The GCS has been criticized from a purely mathematical point of view by Bhatty and Kapur [55]. They note that there is a mathematical skew and calculation bias towards the motor score as a result of assigning four possible scores to eye responses, five to verbal and six to motor responses. Critics of the GCS have acknowledged this and faulted it for being overly complex and have proposed a modified GCS, with focus on the motor component which would improve ease of use and potentially predictive power when there is inability to obtain a verbal subscore [8, 54]. Kelly et al. tested a simple AVPU responsiveness scale which scores mental status as “alert,” “responsive to verbal stimulation,” “responsive to painful stimulation,” and “unresponsive” in comparison to the GCS. Their data suggested that ward and ICU nursing staff found the AVPU responsiveness scale easier to use than the GCS [8]. This prospective study found that the most frequent difficulty formulating an accurate GCS score occurred for patients with alcohol intoxication in whom there was difficulty in compliance with the assessment or had slurred speech. Responses to this difficulty were to either omit the verbal subscore or to score it inappropriately low. As stated above, Gill et al. [35] showed only modest inter-rater agreement between ED staff assessing GCS whereas disagreement occurred most frequently on assessment of the verbal component rather than the eye or motor response.

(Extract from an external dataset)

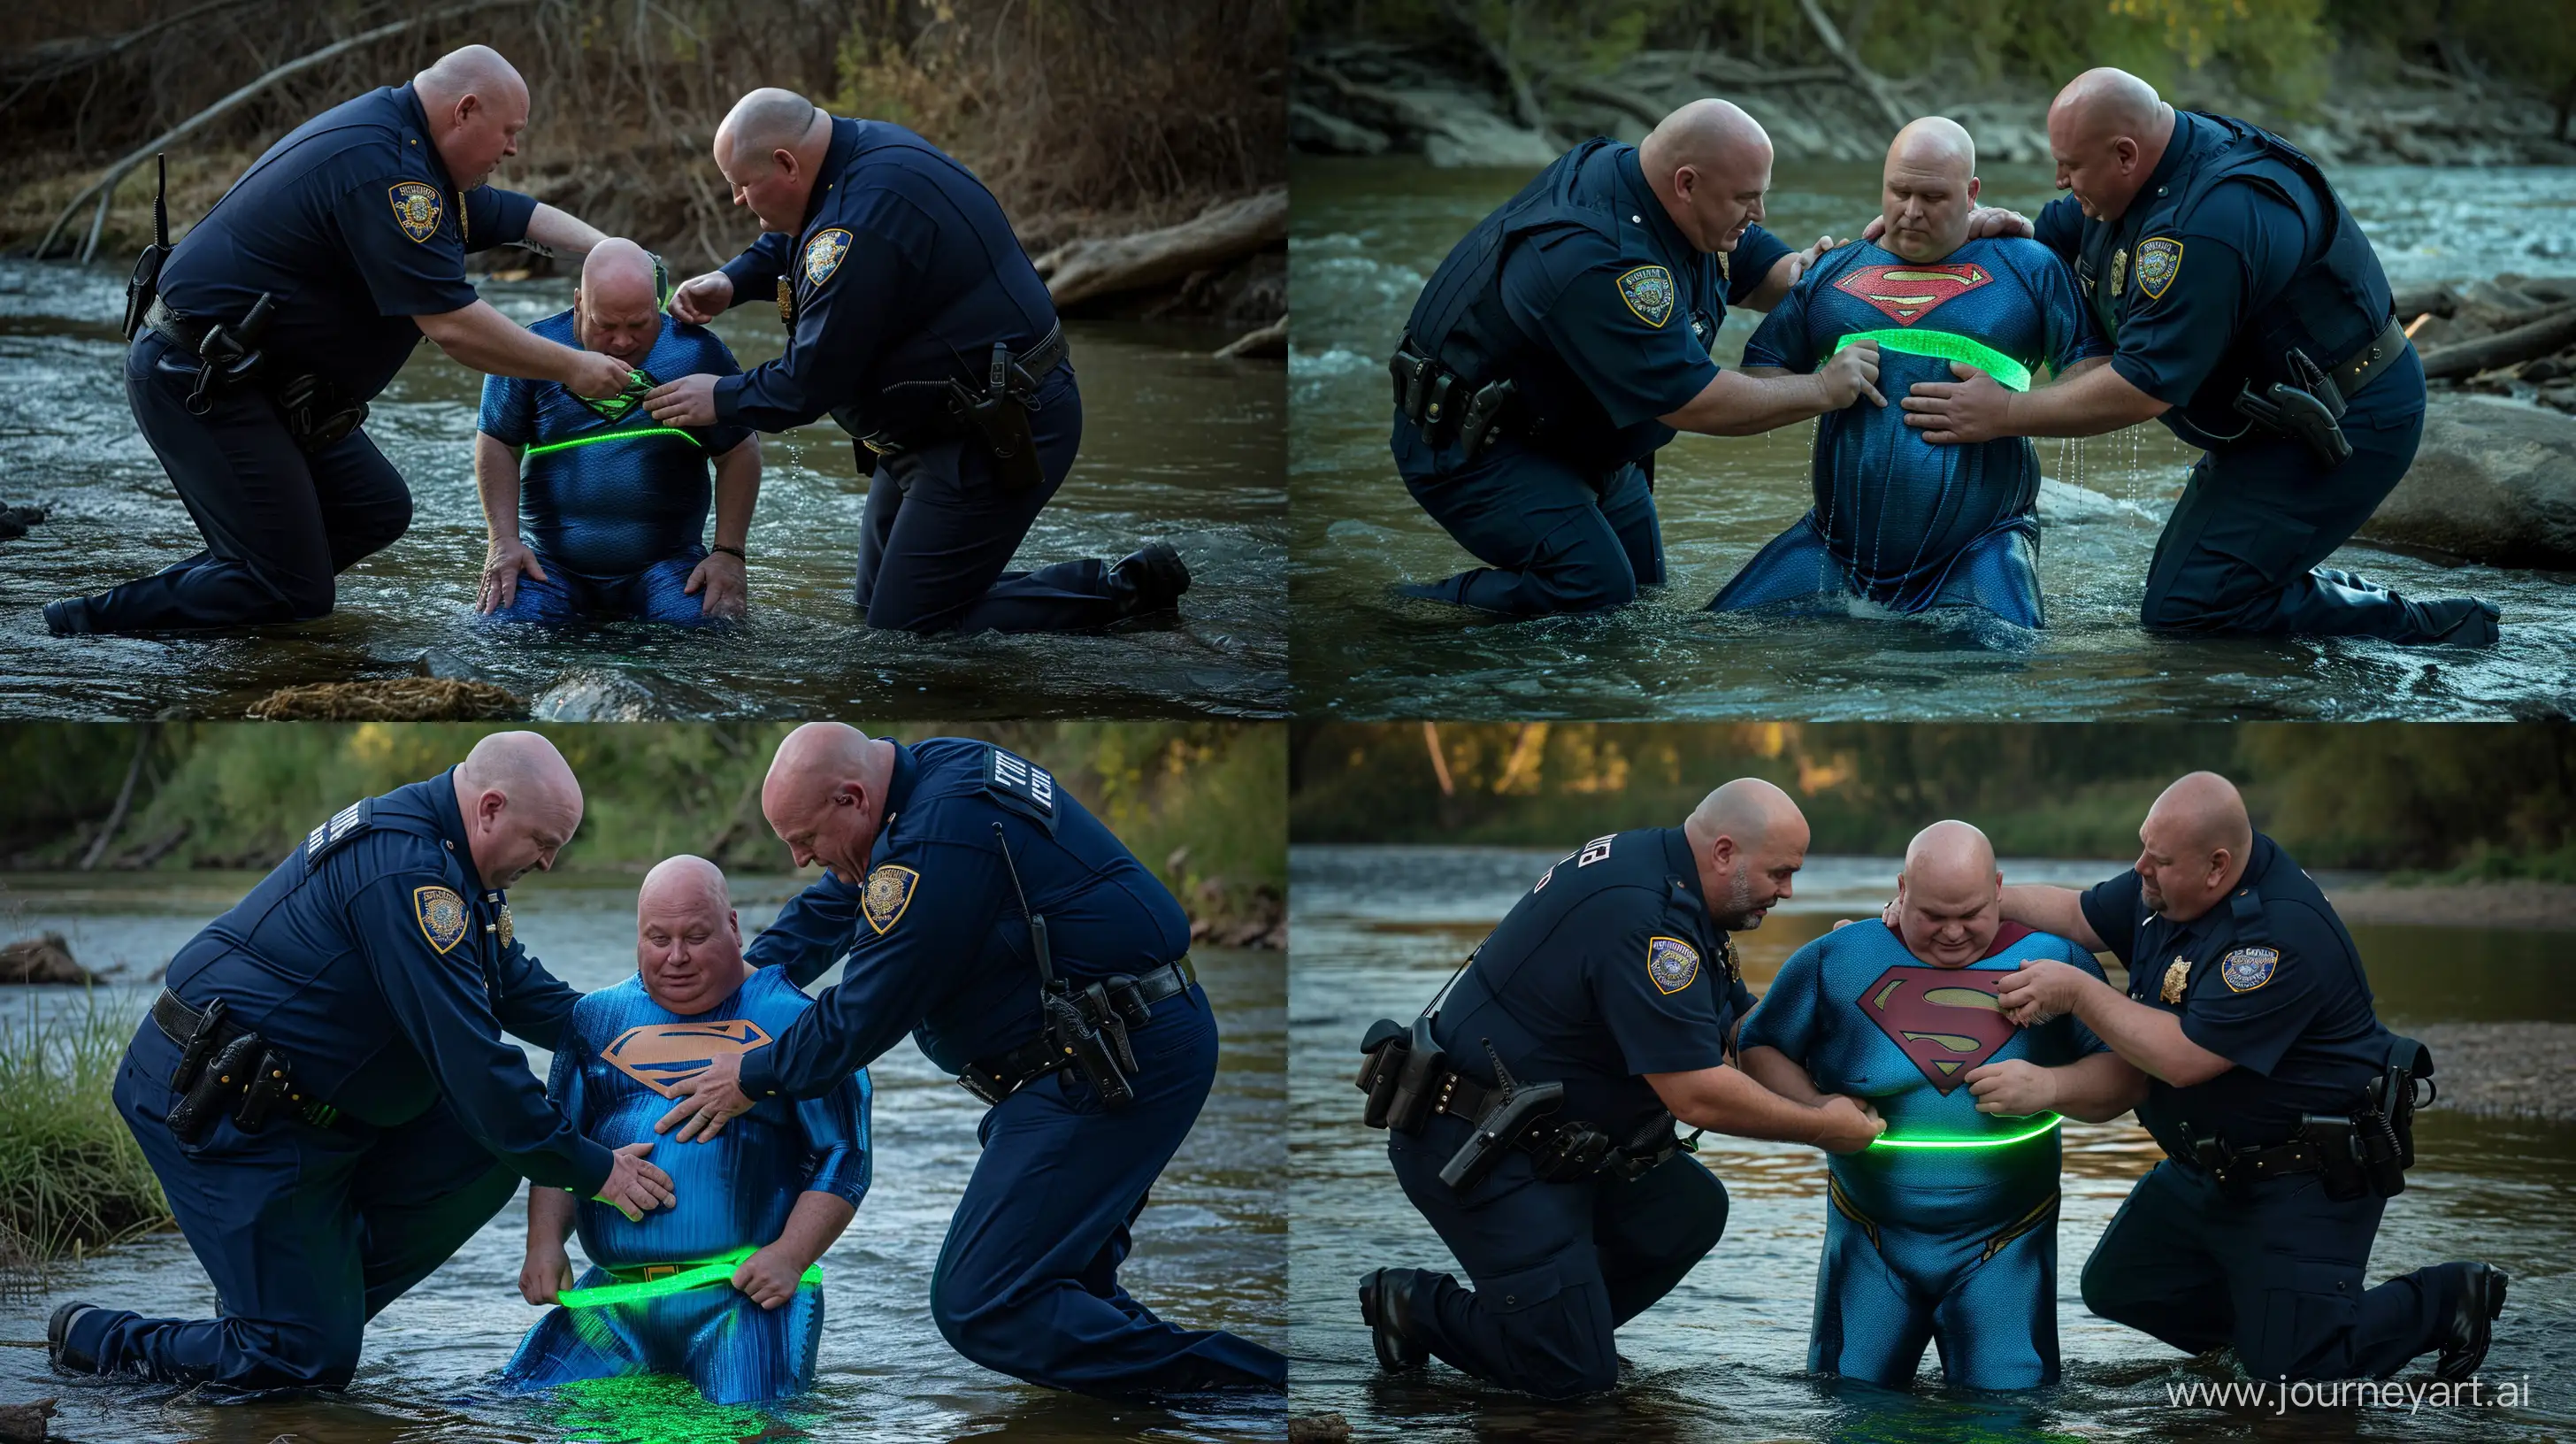 Elderly-Policemen-Secure-Glowing-Superhero-Belt-on-WaterKneeling-Man

In response to the limitations of the verbal component of the GCS a 3-point Simplified Motor Score (defined as obeys commands = 2; localizes pain = 1; withdrawal to pain or worse = 0) was recently derived from the motor component of the GCS and was found to have similar performance for predicting outcomes after TBI when compared with the GCS [56]. Healy et al. [48] have also shown that a motor-only score is a more powerful predictor of mortality and advocated for inclusion of mathematically transformed motor score in lieu of a complete GCS in predictive models. However, they noted the limitation of this motor-only scale for use after pharmacologic paralysis. Further utility of the motor score alone has been proven in terms of its accuracy and reproducibility in pre-hospital triage [49, 50], and its predictive value in TBI [51].

Teoh et al. [57] reported GCS scores with possible permutations (i.e., a single numerical sum score can possibly be made up of more than one subscore profile). They found that specifically the scores of 7, 9, 11, and 14 had the most variability in terms of predictive value and that this can have significant implications for disease severity calculation for the APACHE and SAPS. Furthermore they suggested that for these scores a GCS profile where subscores are specifically addressed should be reported. The inconsistent way in which the GCS is used may make it less suitable for multicenter trials and calls into question its validity between centers for its incorporation into predictive algorithms.

Lastly, the GCS has major limitations for its utility in children particularly those less than 3 years of age and prior to acquisition of language. A pediatric GCS that retains the three major components has been developed for pediatric population (total minimum score of 3 and maximum of 15) [58]. However, there is paucity of studies investigating inter-rater agreement and variability utilizing the pediatric GCS. One study (n = 73 with 104 observations) reports inter-observer reliability to be moderate to good for all components, with the grimace score better than the verbal score [59].

RLS85

History and Validation

The RLS85 was a successor to the original RLS82 validated in a pilot study in 1982 [60], and subsequently revised in 1985 [61]. The RLS85 was formulated to specifically overcome the shortcomings of the GCS in scoring intubated patients and patients with swollen eyelids precluding the ability to open one’s eyes [61]. Following its validation, it is now used almost exclusively in Sweden. The RLS85 is a hierarchically organized scale with eight possible outcomes or “reaction levels”. RLS1-8 is assigned after attempting to arouse a patient to a stable level of consciousness via increasingly the stimuli: light touch/talking, then shaking/shouting, then noxious stimuli [61]. The responses are graded stepwise in terms of depth of coma, with ‘1’ being complete consciousness to ‘8’ for unconscious and unresponsive. The authors indicate that RLS1 is equivalent to “alert”, RLS2 is “drowsy or confused”, RLS3 is “very drowsy or confused” and RLS4-8 signifies “unconscious” (Tables 1, 3).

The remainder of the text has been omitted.